Modelling heat stress effects on milk production traits in Tunisian Holsteins using a random regression approach.

作者信息

Soumri Nabil, Carabaño Maria Jesus, González-Recio Oscar, Bedhiaf-Romdhani Sonia

机构信息

Animal and Fodder Production Laboratory, National Institute of Agronomic Research of Tunisia (INRAT), Tunis, Tunisia.

Animal Breeding and Genetics Department, National Institute for Agricultural and Food Research and Technology (INIA), Madrid, Spain.

出版信息

J Anim Breed Genet. 2025 Mar;142(2):155-169. doi: 10.1111/jbg.12893. Epub 2024 Aug 23.

DOI:10.1111/jbg.12893
PMID:39175356
原文链接:https://pmc.ncbi.nlm.nih.gov/articles/PMC11812081/
Abstract

This study investigated the impact of temperature and humidity on milk production traits in Tunisian dairy cows, analysing population-level trends and individual cow responses using various modelling techniques and heat stress (HS) indices.

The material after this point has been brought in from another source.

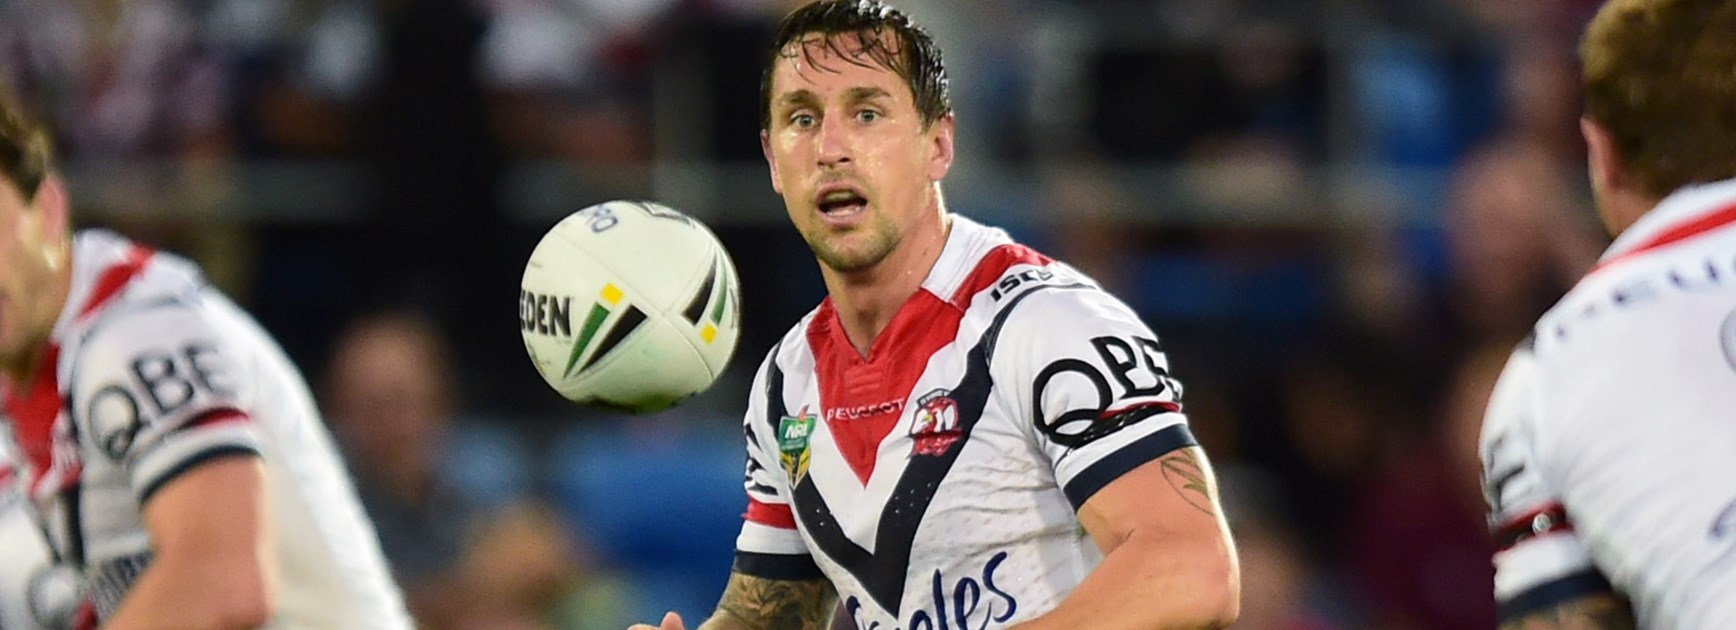 Roosters halfback Mitchell Pearce against the Titans in Round 10.

Two distinct datasets were used for this purpose: the first included 551,139; 331,654 and 302,396 test-day records for milk, fat and protein yields, respectively. The second supplemented the production information with daily average (THIavg) and maximum (THImax) temperature-humidity index (THI) data. Three main parts of analyses were conducted simultaneously: classical least squares, identification of HS thresholds and associated production losses and assessment of individual cow responses using random regression models (RRM) fitting various continuous functions that include/exclude individual effects. The best model, determined by goodness-of-fit measurements, was a cubic polynomial function that accounted for individual variation and THIavg as a heat load measure. HS thresholds were established at THIavg/THImax of 70/74 for milk yield, 50/55 for fat percentage, 59/66 for protein percentage, 54/63 for fat yield and 56/66 for protein yield. According to the fitted polynomial models, daily milk production traits showed a curvilinear decline with accelerated loss rates beyond the established thermal thresholds. However, for all models and thermal indices, maximum daily production losses remained below 164 g/day, 4.4 g/day and 6.1 g/day for milk, fat and protein yields, respectively. Despite these losses, the relatively high thermal thresholds and lower associated production losses suggest that Tunisian dairy cows can tolerate high heat loads. Moreover, observed variations in response patterns indicate potential for selecting heat-tolerant individuals within this population.

摘要

本研究调查了温度和湿度对突尼斯奶牛产奶性状的影响,使用各种建模技术和热应激(HS)指数分析了群体水平趋势和个体奶牛的反应。为此使用了两个不同的数据集:第一个数据集分别包含551,139条、331,654条和302,396条牛奶、脂肪和蛋白质产量的测定日记录。第二个数据集用每日平均(THIavg)和最高(THImax)温度湿度指数(THI)数据补充了生产信息。同时进行了三个主要部分的分析:经典最小二乘法、HS阈值及相关生产损失的识别以及使用随机回归模型(RRM)评估个体奶牛的反应,该模型拟合了各种包含/排除个体效应的连续函数。通过拟合优度测量确定的最佳模型是一个三次多项式函数,该函数考虑了个体变异,并将THIavg作为热负荷度量。牛奶产量的HS阈值设定为THIavg/THImax为70/74,脂肪百分比为50/55,蛋白质百分比为59/66,脂肪产量为54/63,蛋白质产量为56/66。根据拟合的多项式模型,每日产奶性状呈曲线下降,超过既定热阈值时损失率加速。然而,对于所有模型和热指数,牛奶、脂肪和蛋白质产量的每日最大生产损失分别保持在164克/天、4.4克/天和6.1克/天以下。尽管有这些损失,但相对较高的热阈值和较低的相关生产损失表明突尼斯奶牛能够耐受高热负荷。此外,观察到的反应模式变化表明在该群体中选择耐热个体具有潜力。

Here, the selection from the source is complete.